Dataset section —
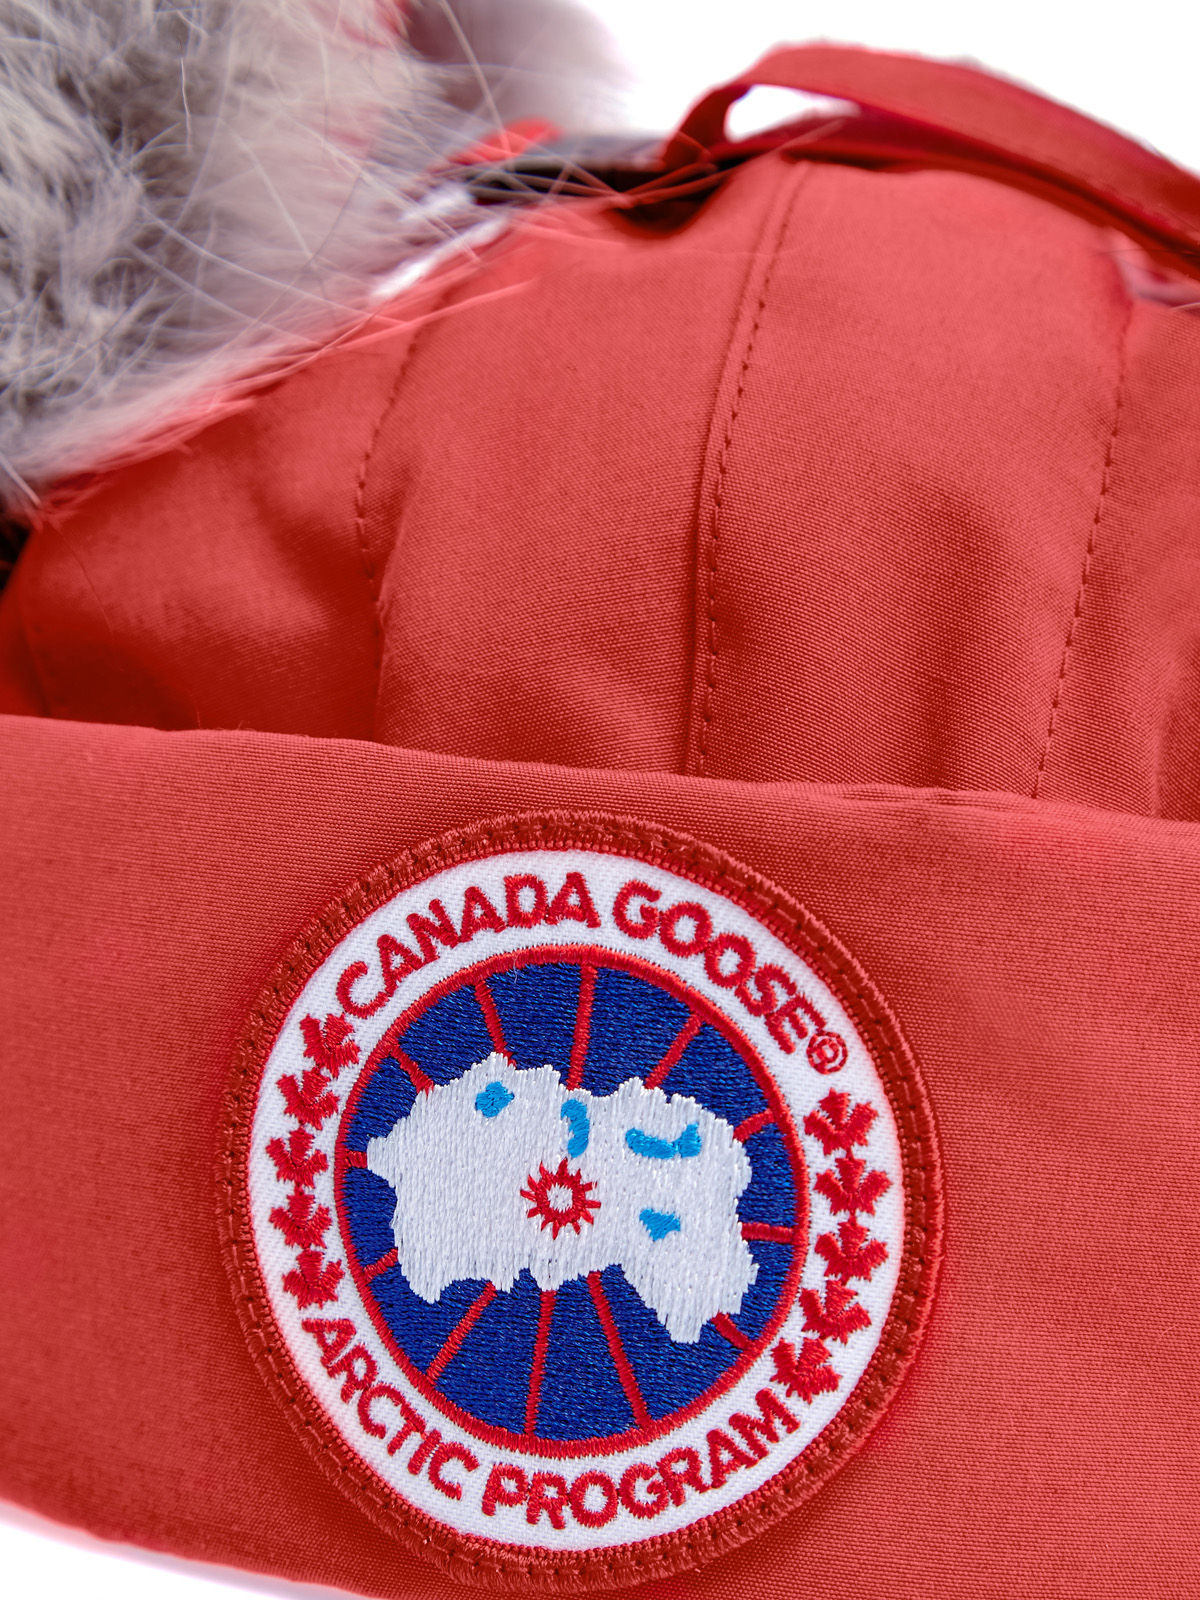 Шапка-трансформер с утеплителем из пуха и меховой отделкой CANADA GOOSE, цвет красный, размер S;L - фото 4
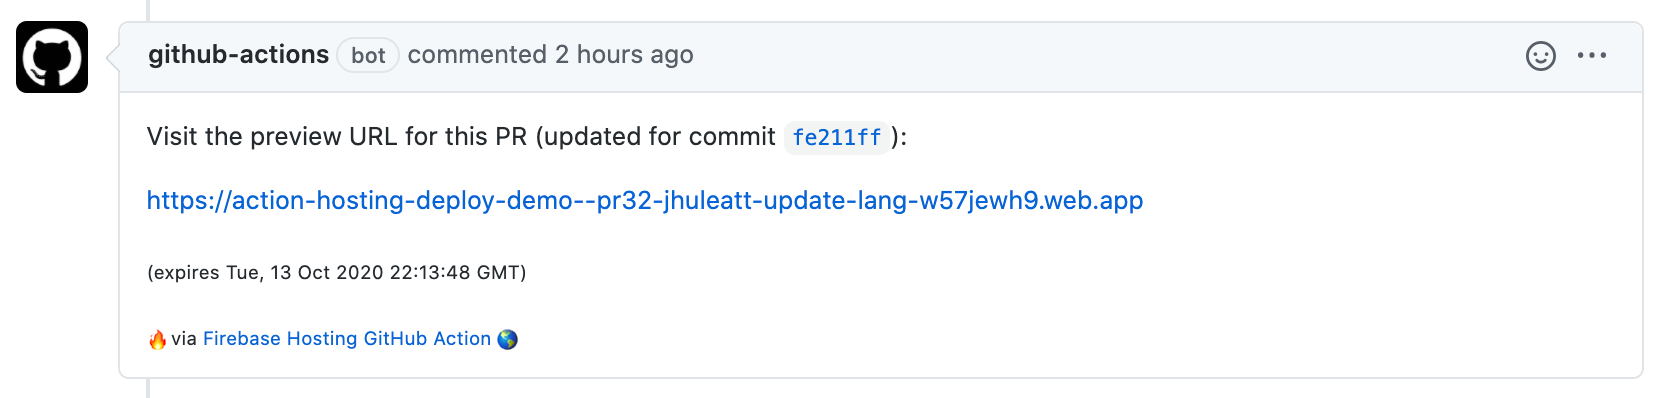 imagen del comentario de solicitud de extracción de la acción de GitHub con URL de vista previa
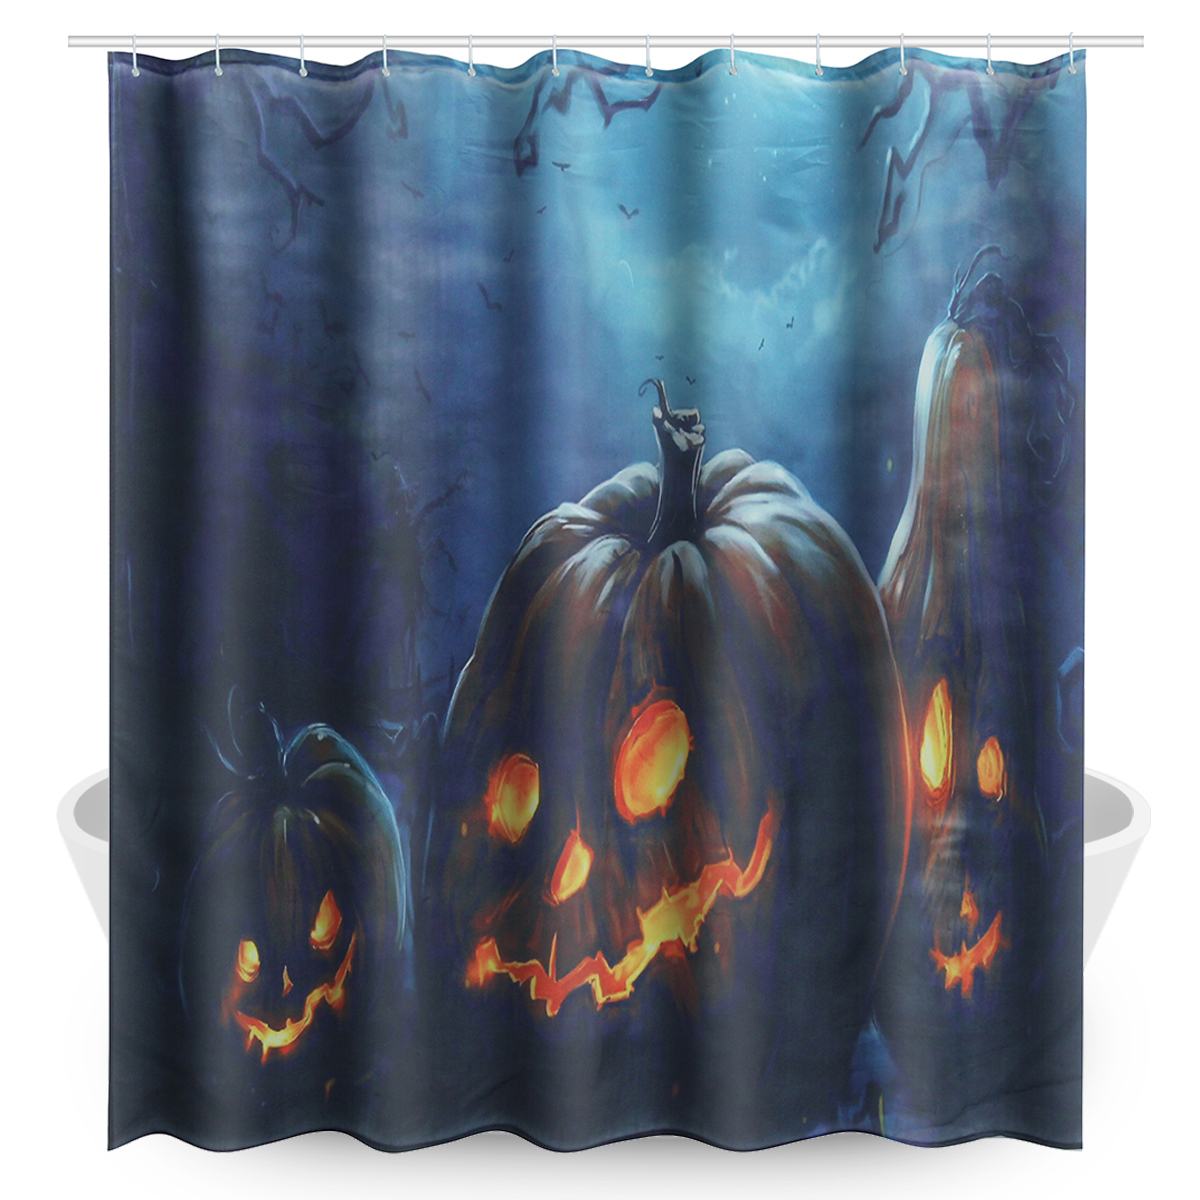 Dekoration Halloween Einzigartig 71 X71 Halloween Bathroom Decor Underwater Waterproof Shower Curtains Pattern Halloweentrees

Task description — Starting at the line that contains "imagen del comentario", please write out each line through the last line of the data, both ends included, and keep pictures out of the copy.

Result for this exercise —
 imagen del comentario de solicitud de extracción de la acción de GitHub con URL de vista previa
 Dekoration Halloween Einzigartig 71 X71 Halloween Bathroom Decor Underwater Waterproof Shower Curtains Pattern Halloweentrees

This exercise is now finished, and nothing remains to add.